1. Komme ich mit der privaten IP-Adresse auf die IcyBox? Kann ich über die öffentliche IP-Adresse auf die IcyBox kommen? Wenn nicht, ist auf jeden Fall der Router falsch konfiguriert!

2. Welche öffentliche IP-Adresse habe ich? Macht DynDNS auch wirklich die richtig Auflösung des Namens?


----------



## PhoenixDH (27. April 2009)

Das Funktioniert alles!
DynDNS geht, ich komme auf all meine anderen Internen Sachen, wie Weboberfläche der DBOX, Router, ...

Mit der Internen IP und dem Username und PW komme ich auch auf den FTP.


----------



## zeroize (28. April 2009)

Naja und kommst du mit der externen IP drauf? Wenn nicht, stimmt vielleicht die Portweiterleitung nicht - vielleicht braucht deine Box noch mehr offene Ports.


----------



## PhoenixDH (29. April 2009)

Ob ich die externe IP oder den DynDNS Namen verwende spielt ja keine Rolle wenn DynDNS funktioniert, aber geht beides net.

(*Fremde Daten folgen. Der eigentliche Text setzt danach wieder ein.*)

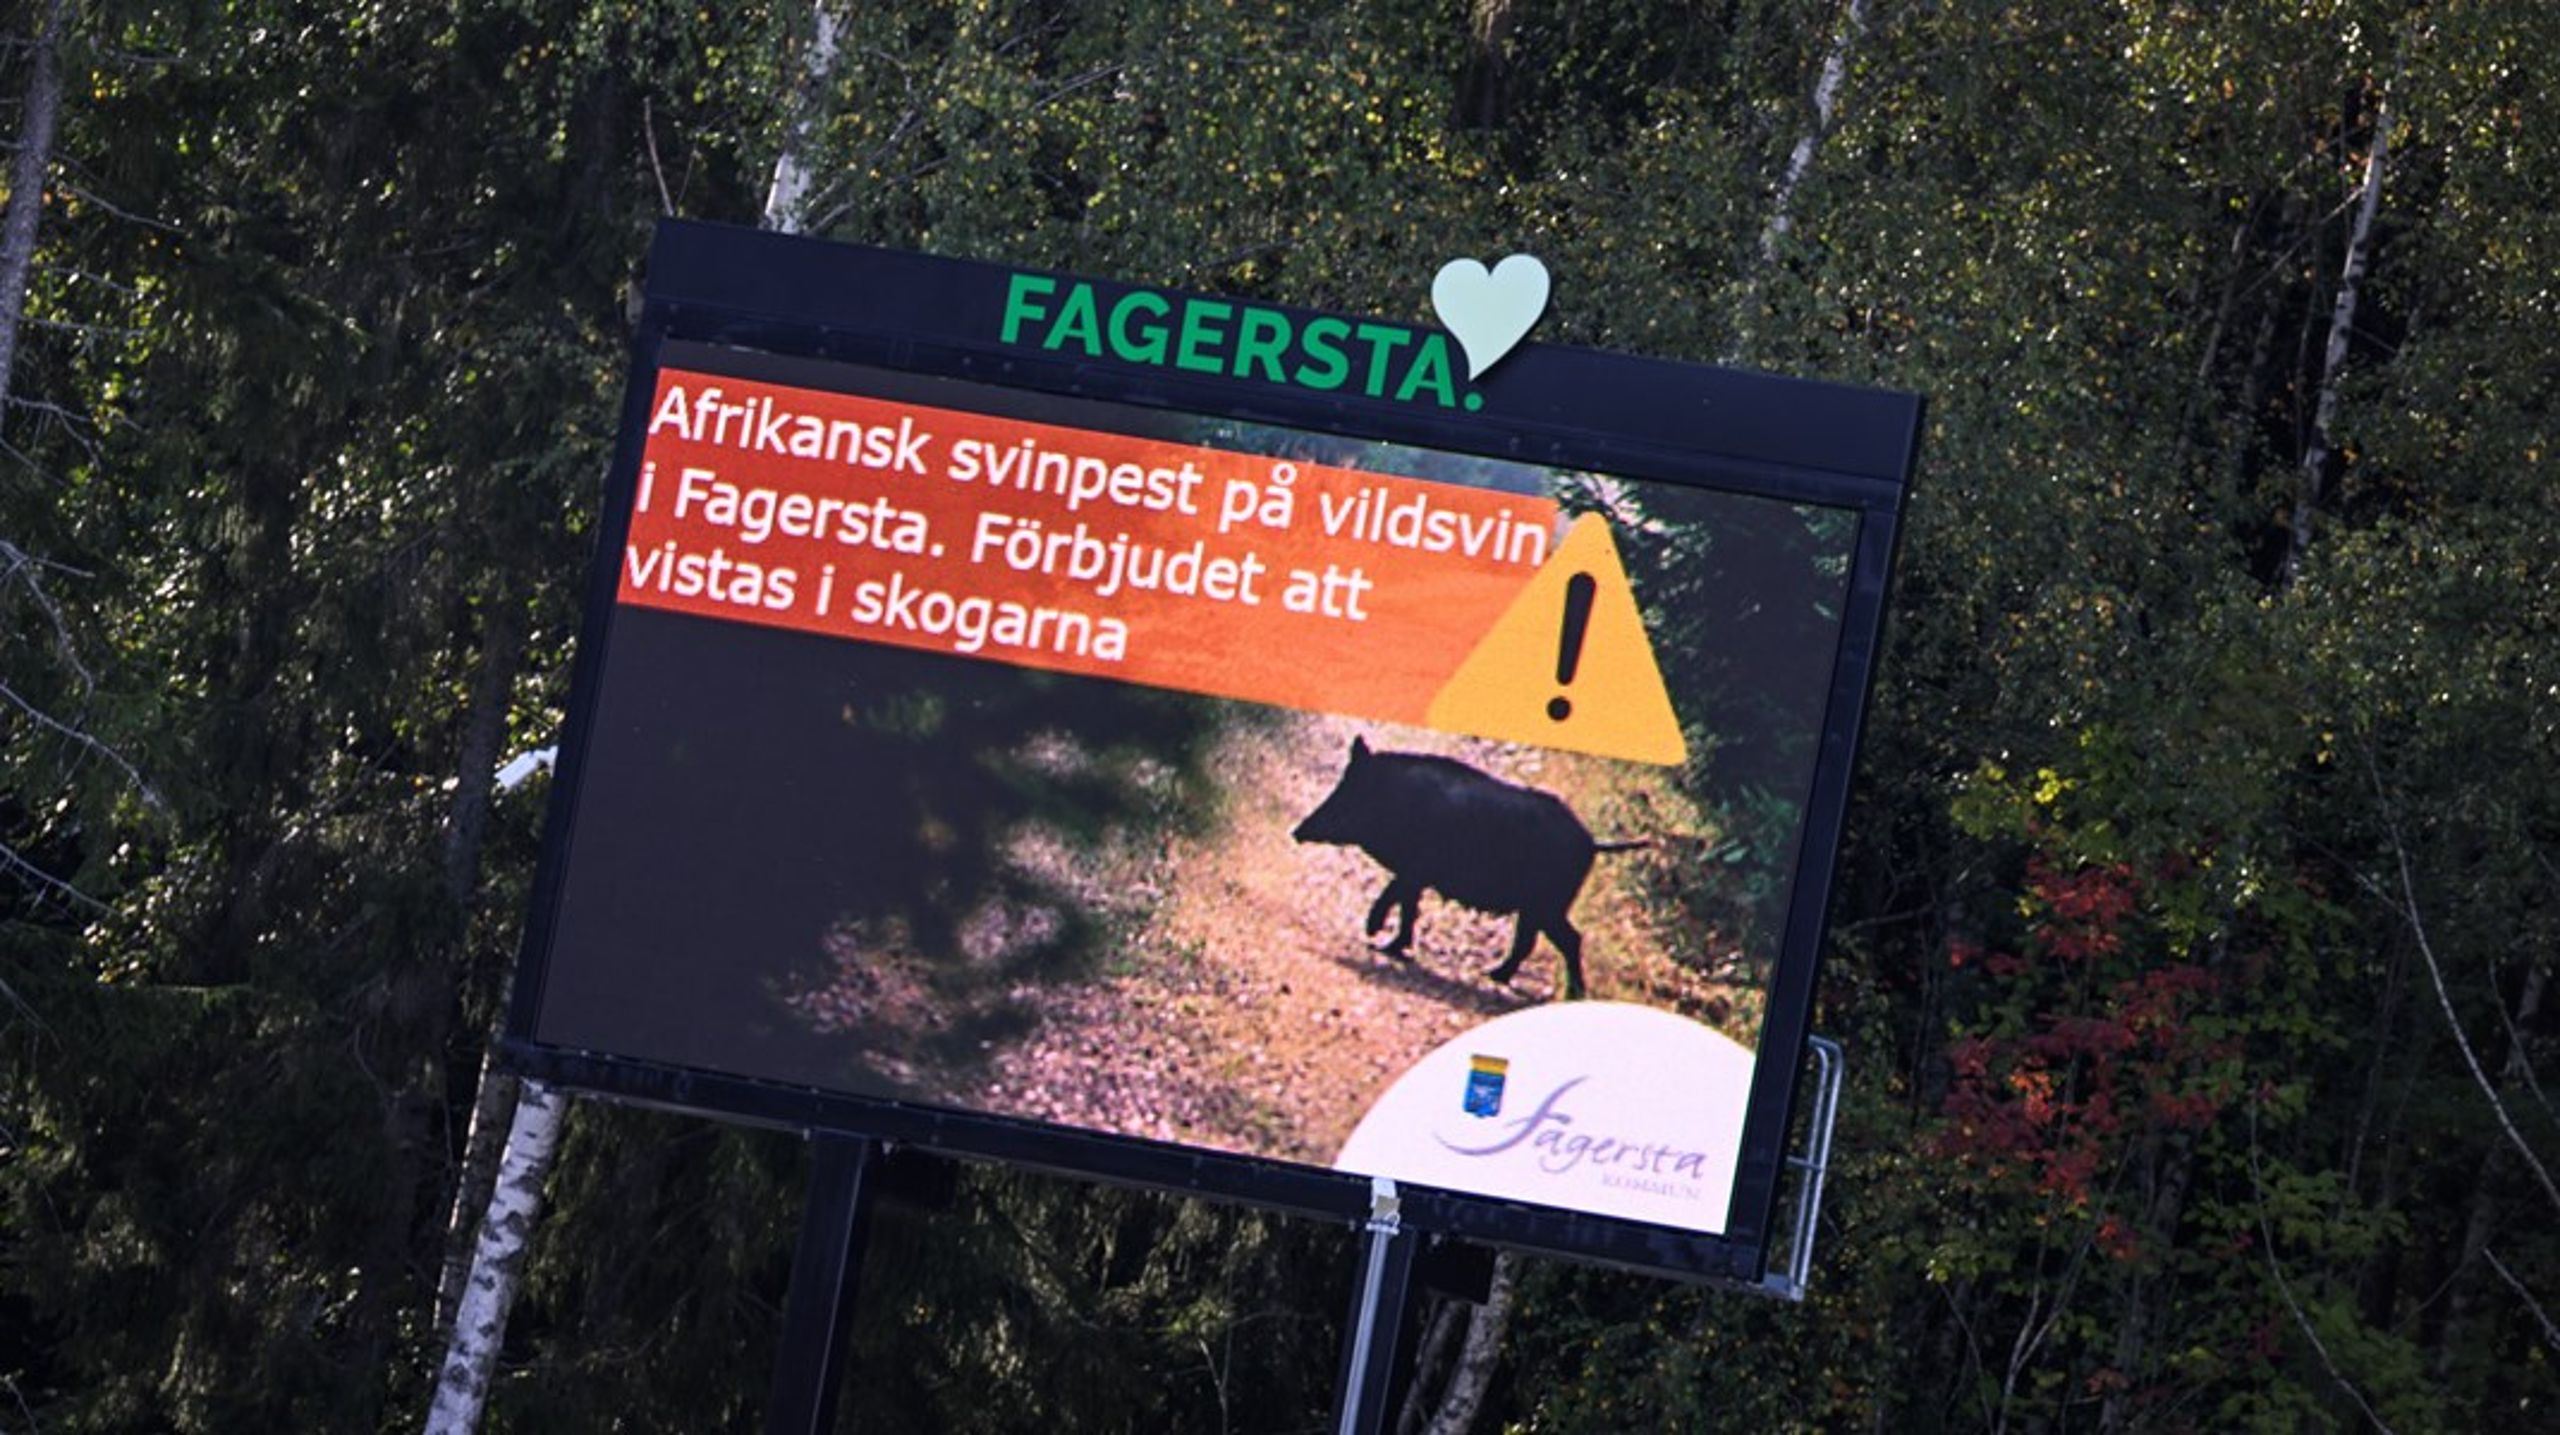 Förekomsten av vildsvin i den svenska naturen måste begränsas, menar debattören.

Aber was mir aufgefallen ist, wenn ich den Port 80 an die Box weiterleite komme ich auch net auf die Konfigurationsoberfläche. Hinweis in der Konfigurationsoberfläche für FTP ist Port 20 + 21.

Welche Ports da noch von nöten sein sollten weiß ich halt nicht, aber ich kann mir keinen zusätzlichen vorstellen.

Aber das komische ist das ich da nirgends drauf komme, weder über FTP an die Daten noch auf die Config über extern.


----------